Frequent exposures to relatively large amounts of BPA in receipts are an obvious concern to every shopper, but even more so to the legions of people who staff cash registers and bag groceries at tens of thousands of retailers across the country. These workers handle BPA-loaded receipts hundreds of times a day, with as yet unknown consequences for their health (Biedermann et al 2010). According to the U.S. Department of Labor’s Bureau of Labor Statistics, as of May 2009, the two largest U.S. occupations were “retail salespersons” and “cashiers,” with more than 7 million Americans in those jobs.

Retail workers carry an average of 30 percent more BPA in their bodies than other adults, It is unclear how much BPA-coated receipts contribute to people's total exposure to the ubiquitous plastics chemical. What is certain, however, is that since many retail outlets already use BPA-free paper for their receipts, this is one source of contamination that could easily be eliminated completely.

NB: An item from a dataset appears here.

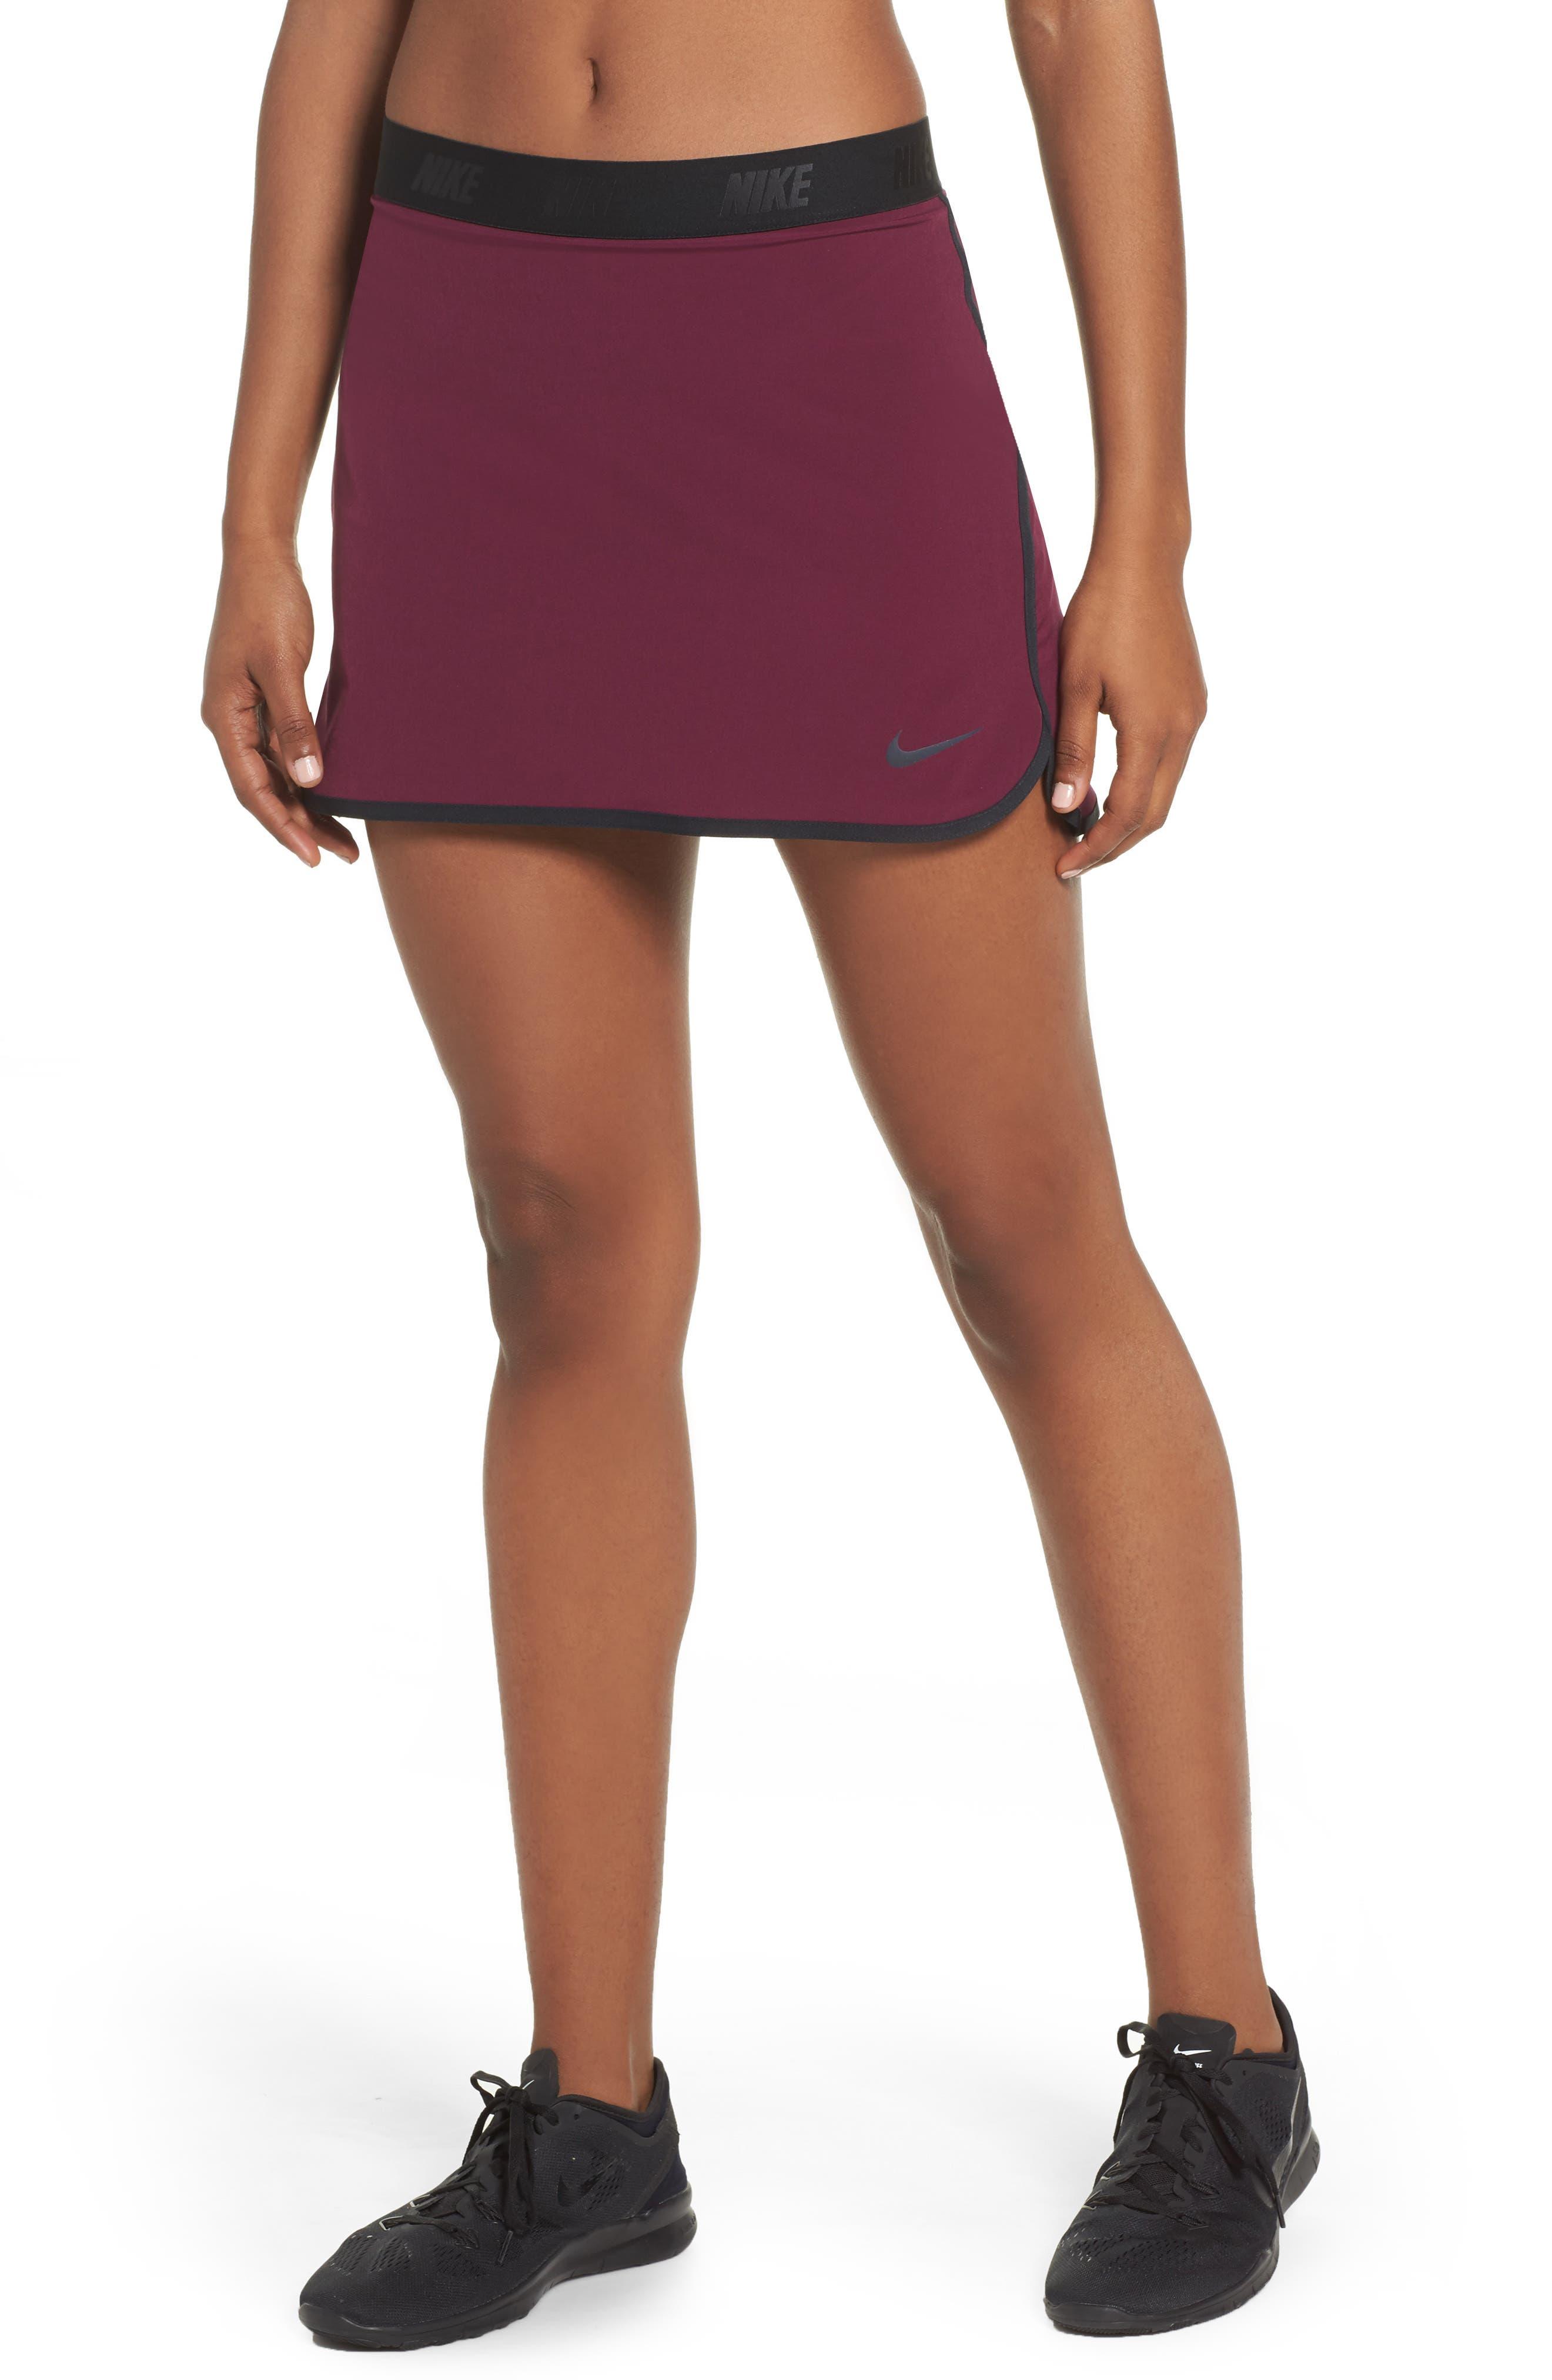 Flex Tennis Skirt,                         Main,                         color, 930

The study also outlined its view of the health risks:

In animal tests, scientists have produced evidence that BPA can induce abnormal reproductive system development, diminished intellectual capacity and behavioral abnormalities and can set the stage for other serious conditions, such as reproductive system cancer, obesity, diabetes, early puberty, resistance to chemotherapy, asthma and cardiovascular system disorders. It has caused epigenetic changes, meaning alterations in the way genes switch off and on and genetic changes that can be passed on to the next generations.

It would seem that Safeway cashiers, in particular, might want to take this up with their employers, who could easily provide BPA-free cash register paper.